No mere disgruntled youth, Backdraft truly wants some explanation for why his world is so fractured and flawed. “Why can’t you just see that /You’re the disease” he sings in “Keyboard Warriors,” damning those whose parasitical actions created the nightmare world in which he lives. Moreover, in “Homewrecked,” he tells us that “No matter how loud we scream/ They won’t see things the way we do / They’re stuck in the past and their old ways of life,” expressing his frustration with their inability to see how their actions have brought about such misery.
In this, Backdraft’s pleadings call to mind the notion of generational sin as evidenced in the Old Testament.
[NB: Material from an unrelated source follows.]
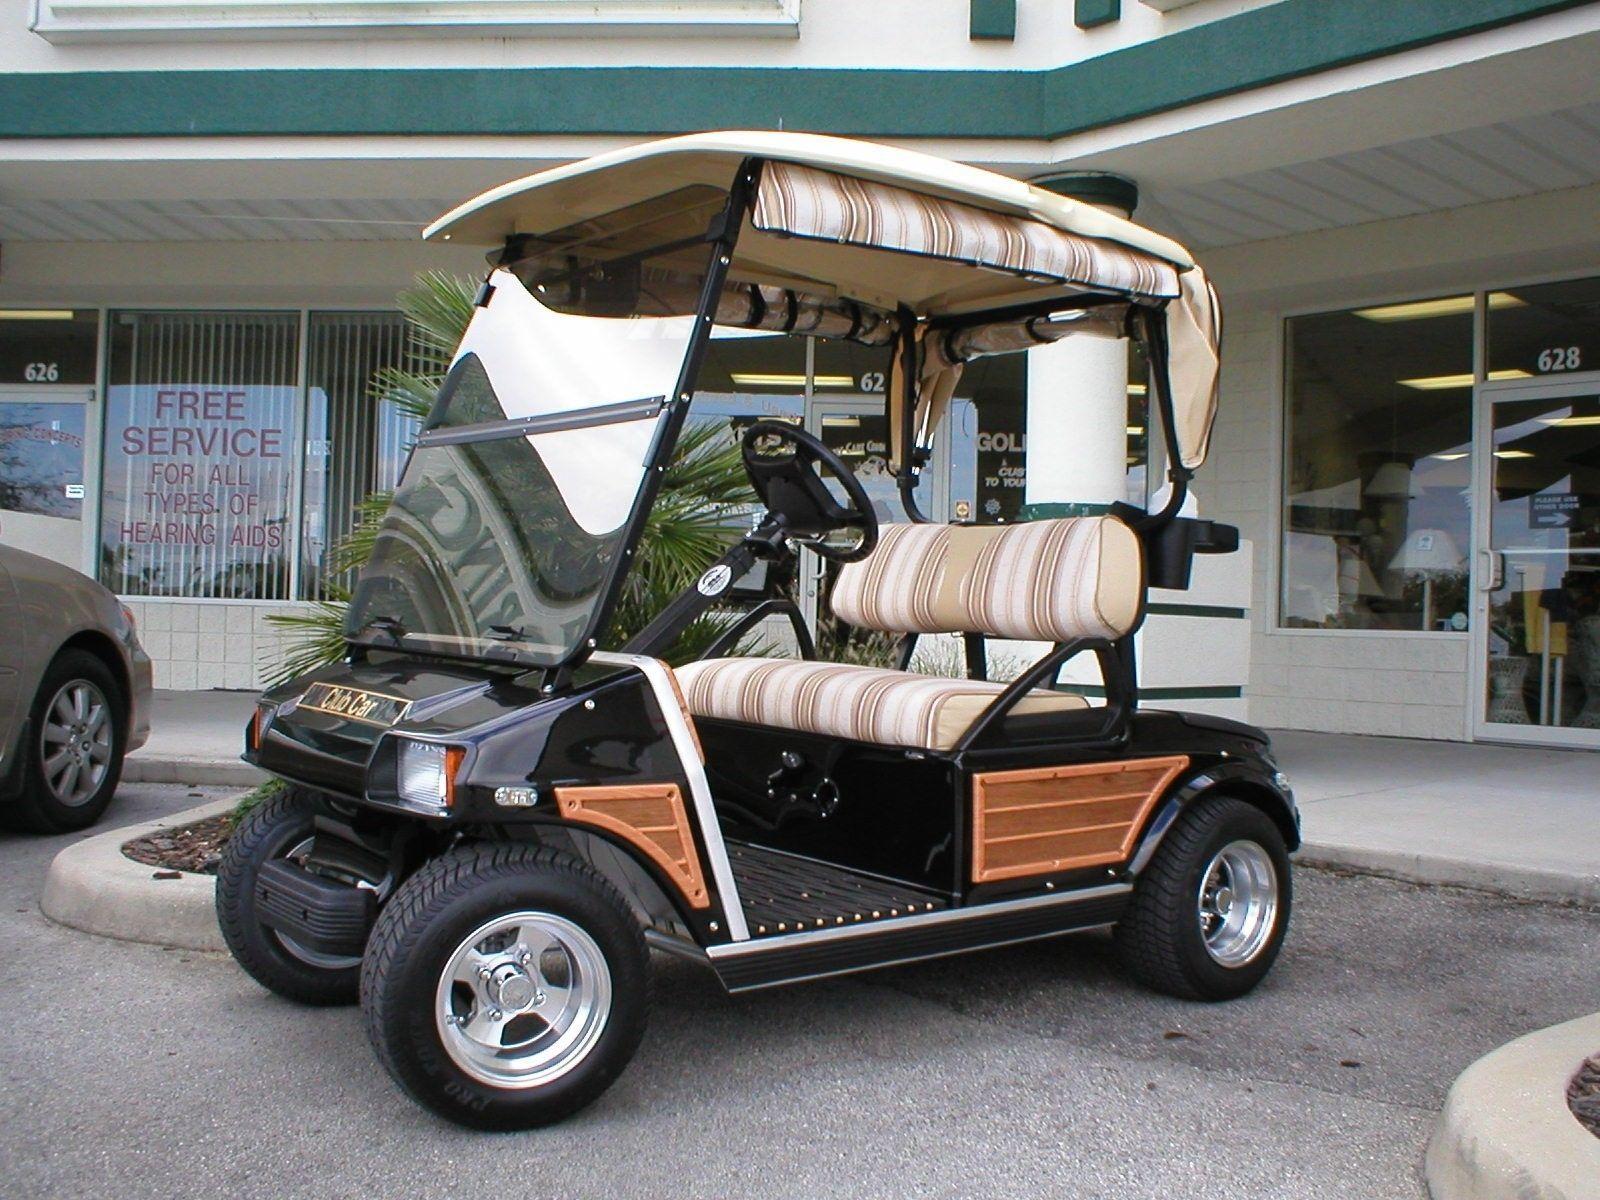 Club Car DS Model Golf Cart Woody Kit | golf carts | Pinterest ... Woody Golf Cart Wheels on 2002 chrysler gem cart, car cart, box cart,

Backdraft and his brethren have truly inherited the fruits of the “sins of their fathers”—a vast, polluted, barren wasteland, the classic post-apocalyptic landscape of characters like Mad Max. This is also Eliot’s wasteland:
“What are the roots that clutch, what branches grow
Out of this stony rubbish? Son of man,
You cannot say, or guess, for you know only
A heap of broken images, where the sun beats,
And the dead tree gives no shelter, the cricket no relief,
And the dry stone no sound of water.” 2
It’s the place Arthur’s knights discover in their quest for the Holy Grail. But, unlike the Grail knights, Backdraft’s quest isn’t leading to the Holy Grail and the crucial question which will help Anfortas heal himself and the wasteland. Like Eliot’s wasteland, the Fisher King remains unhealed, and the land decimated. Instead, Backdraft and his companions will forge a new path by delivering vigilante justice. In this, his narrative evokes the great historical novels of the French Revolution by Dickens and Hugo. As such Backdraft is both the protagonist and the chronicler of the struggle against the forces which created the wasteland.
Beyond the literary allusions, Havoc Faction’s music also speaks to this now moment. The world of Havoc Faction contains a deadly pathogen, bioengineering, a ruined environment, corporate greed, and the utter hubris of individuals who believe they have the right to make the big decisions for all of humanity. No matter where one falls on the political spectrum, it’s difficult not to see reflections of Havoc Faction’s world all around us. It’s also not difficult to see the anguish of younger people toward their ancestors at being left with such devastation as Backdraft painfully reminds us when he sings, “when will you see/when will you see that we’re caught in your crossfire?”
For those of us who have already guided children to adulthood or are in the process of doing so, we need to take a long, hard look at what our actions (or lack thereof) have done and are doing to those who will follow us. Have we given them nothing more than a barren wasteland with no promise of restoration, or have we given them the tools they need to thrive, survive, and create something new and beautiful out of the wreckage?
Backdraft is still traveling through the wasteland and chronicling his thoughts in song. We don’t know how his story will end, just as we have no idea how our stories will end, but we owe it to Backdraft and his many companions to say mea culpa, mea maxima culpa and try to leave them with even a little bit of something that they can use to heal the wasteland and secure their future.
- Tom Shippey. J.R.R. Tolkien: Author of the Century. (Boston: Houghton Mifflin, 2000).